What companies like netscape/aol want is the ability to replace the html renderer of the OS.
While I agree that you should have your own choice of a browser, I don't believe that a competing company should have the ability to replace the OS version of the renderer.
Unless it of course can provide full functionality that is needed in the OS.
I persnoally, given the history of Netscape, and Sun wouldn't want them to provide the basic functionality of the HTML renderer for example. or SUN's notorisly piss poor implementation of the JVM. While I don't run all MS stuff for things that I need. I use Winamp over MS version of the same. And since I use the internet, I am forced to get Reals POS player, and quicktime for those sites that require it. (and I am starting to visit those sites alot less in the process, because of it)
Oh and BTW, WMM and WMP are both not on my system.
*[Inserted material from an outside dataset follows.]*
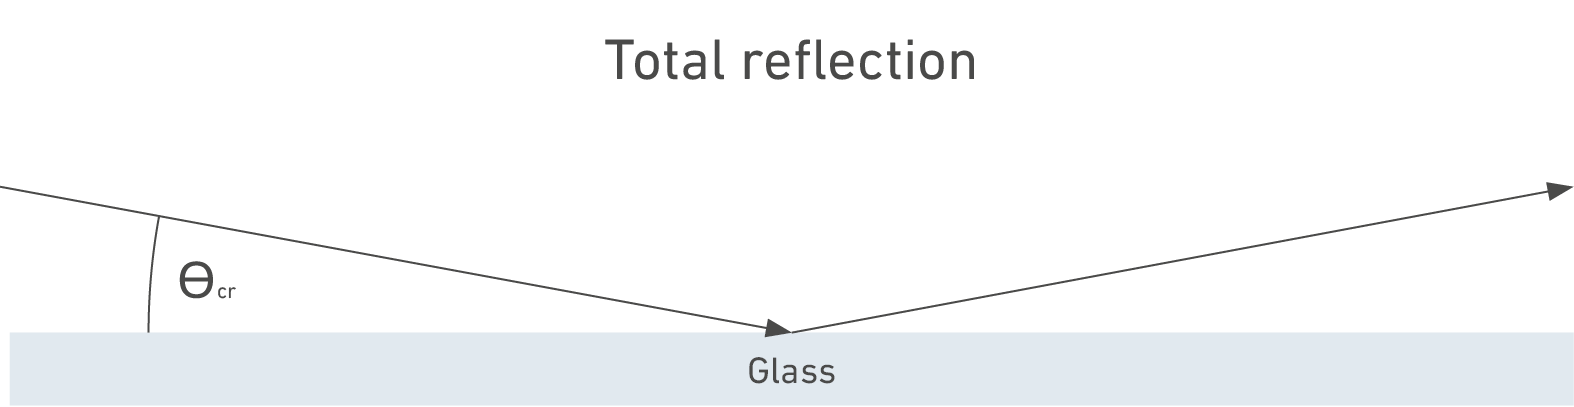 Graphic total reflection

A very easy perusal of the Inet provides information on how to remove them.
Hell with about 80% of the people I deal with in Customer Support, I doubt even if the ability to remove it was in the OS. they wouldn't know how without askign CS how to remove it.
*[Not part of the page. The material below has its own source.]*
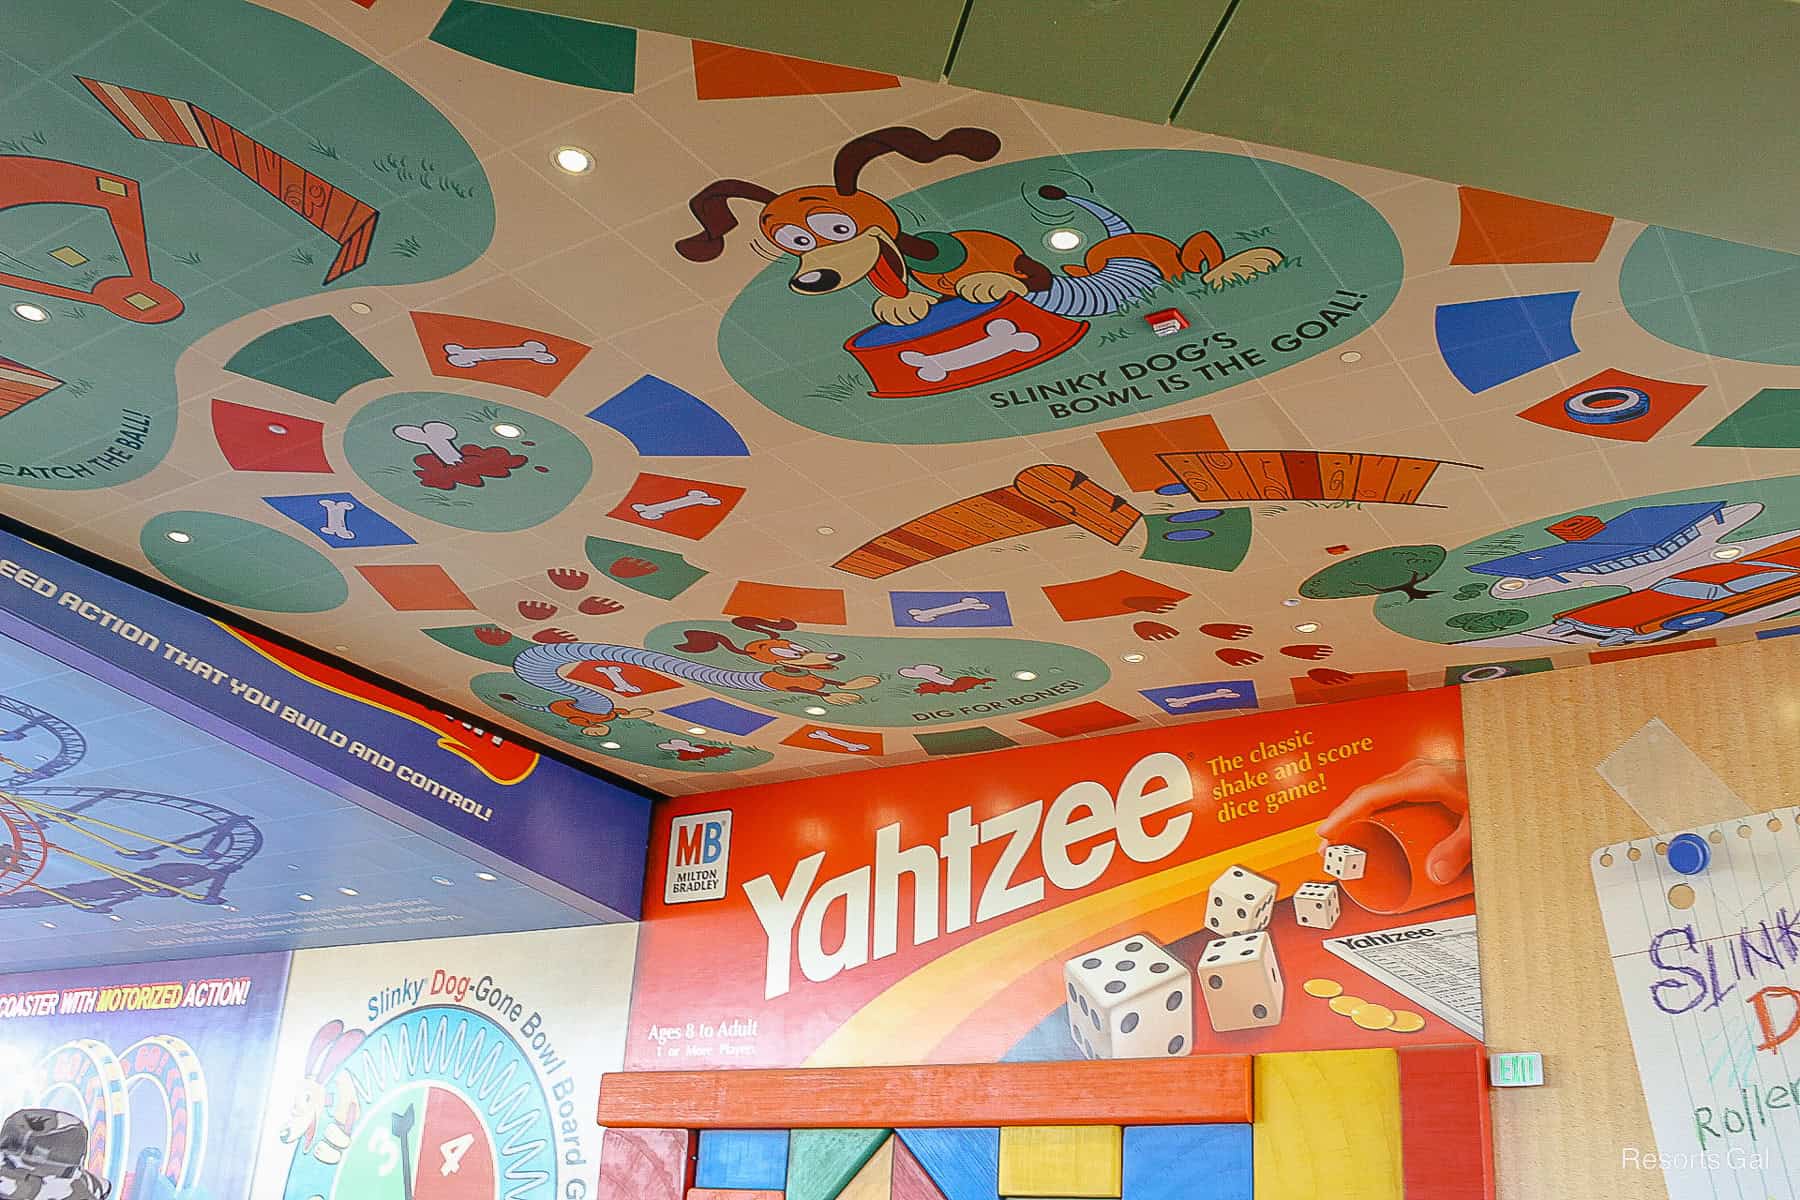 the decorative queue elements overhead in Slinky Dog Dash

I would say that 90% of the consumers don't really care if it is loaded on. Most appriciate having not to pay extra for basic support, and most move on to more capable programs if they are truely interested in the media they use.
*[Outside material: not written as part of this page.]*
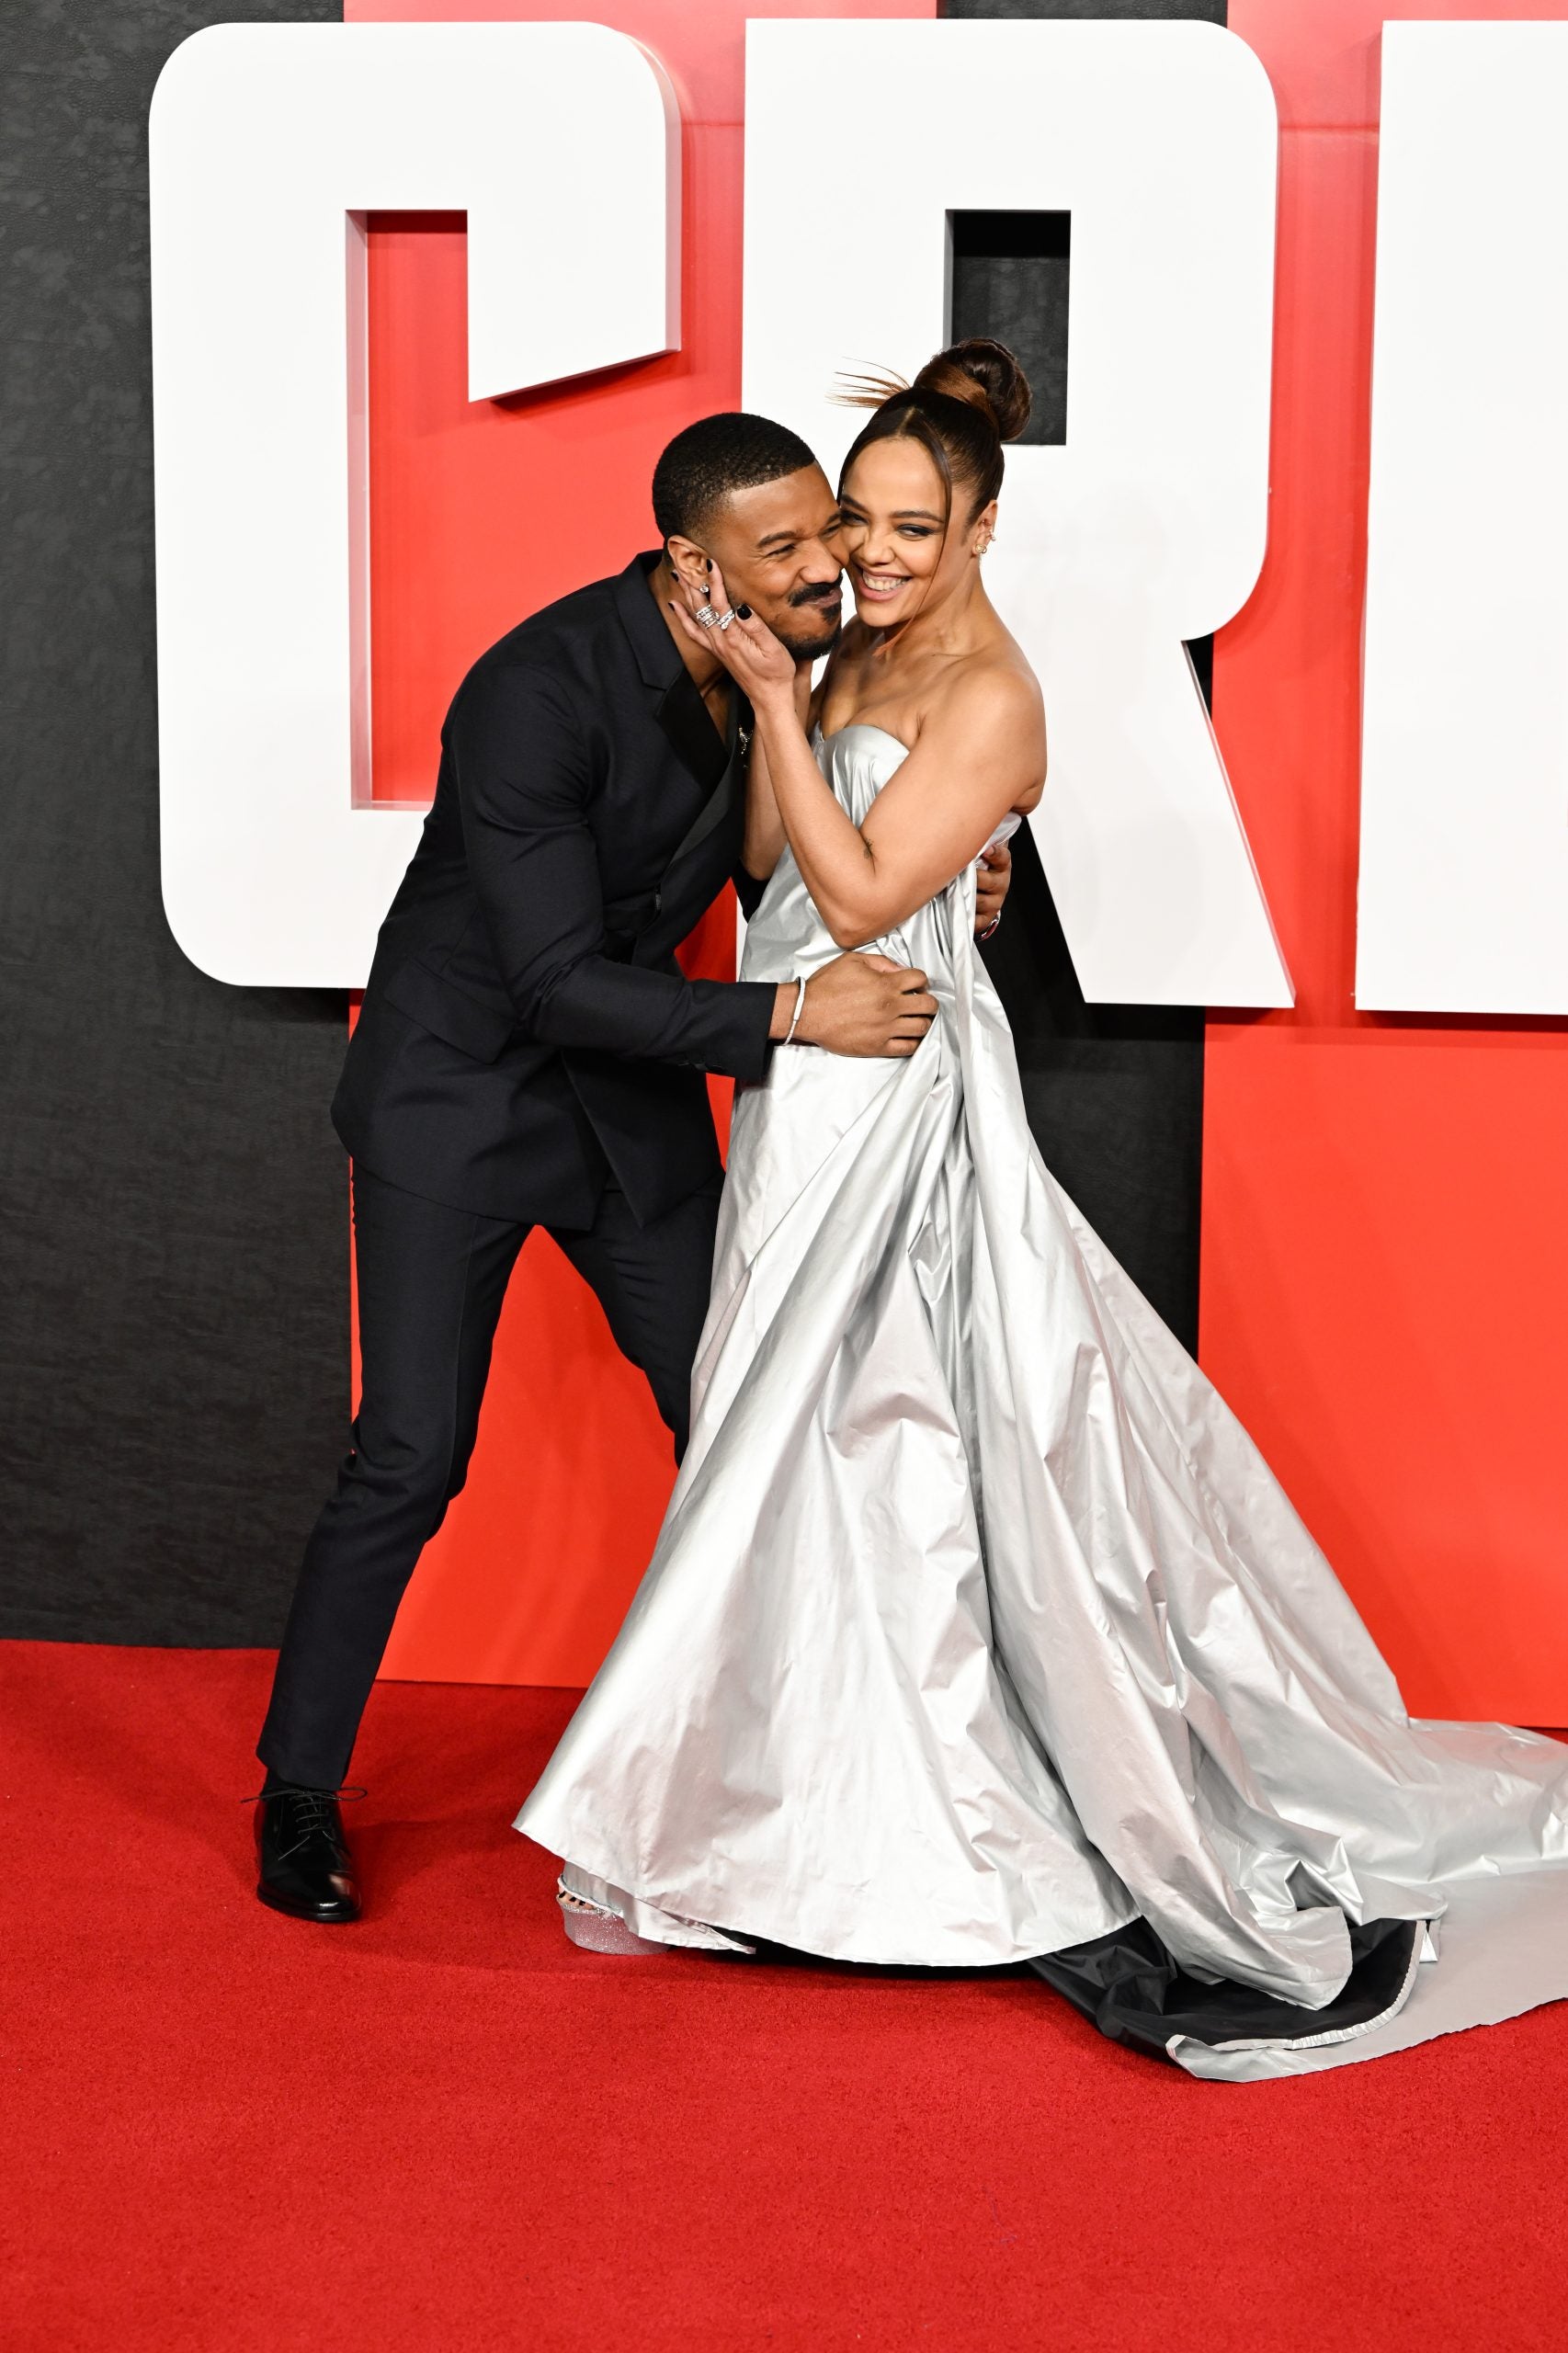 Stars Step On The Red Carpet For 'Creed III,' 'Snowfall' And More Premieres

But by all accounts, going to a moduliar windows. will Make the OS and systems more expensive. one, it will make development costs much higher. which will drive up the costs of
software in general.
And a modular system will become mute in the long run. because Vendors that have presented a look and feel to its customers will want to keep that look and feel. So most vendors will force reloading IE for instance to provide the enviroment of the past. or any of a multitude of items that competitors want to remove from the OS.
Either that or roll thier own, which drives up development costs.
And consumers make the decisions on what is bought and what isn't. Linux is gaining ground slowly. But when Linux was offered as an option, very few bought the systems configured that way.